Bah! Curse my passionate self. I erred in the predictable fashion. I fell victim to the classic blunder, the most famous of which is never get involved in a land war in Asia, but only slightly less known is this: with Linux you must research. With Linux on the PowerPC, you must research and pray.
So, first of all, the Broadcom family of chips (Apple’s Airport, Motorola, and a bunch of others will not work with Linux on PPC). With Linux on Intel, you’re okay, because you have ndiswrapper with which to run your Windows drivers in Linux. However, with PPC you will have no such luck, as ndiswrapper is strictly an Intel x86 endeavor. No, with PPC your best bet (as I later found out) is to buy one of the D-Link family of products.
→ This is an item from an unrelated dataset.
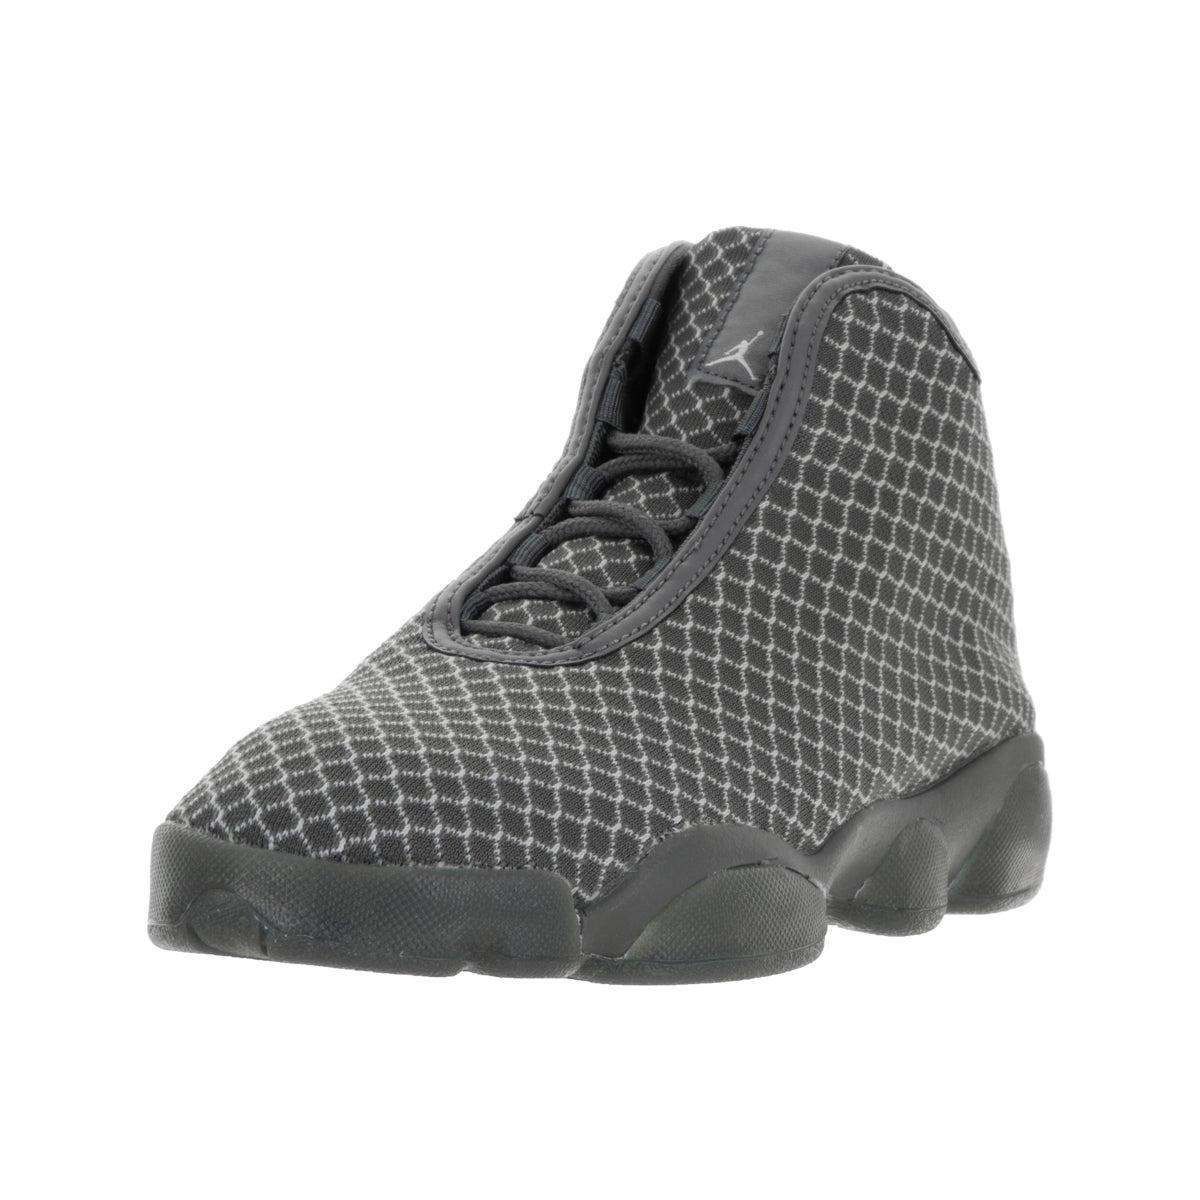 wholesale dealer 14283 1fa15 Shop Nike Jordan Kids Jordan Horizon BG Wolf Grey White Dark Grey  Basketball Shoes - Free Shipping Today - Overstock - 13394514

From what I can tell, they have native support across the board in Linux (my own card, a DWL-G630 – 802.11g, works flawlessly).
To get it working, you first have to install the drivers from the madwifi project (your distro should have it available for installation), make sure you have PCMCIA drivers installed, and you’re now spilling coffee on your keyboard at one of the many nationwide Starbucks locations.
The biggest challenge was figuring out which brand of wifi card supports Linux natively – because NONE of them say so. They all say "Windows 9x, 2000, XP, and 2003."
After two trips to CompUSA, I now have a D-Link card and my working laptop. Remote X works, and I get about 1 megabyte/sec transfer rate through the concrete walls of my home.
And now you know the rest of the story. D-Link, D-Link, D-Link!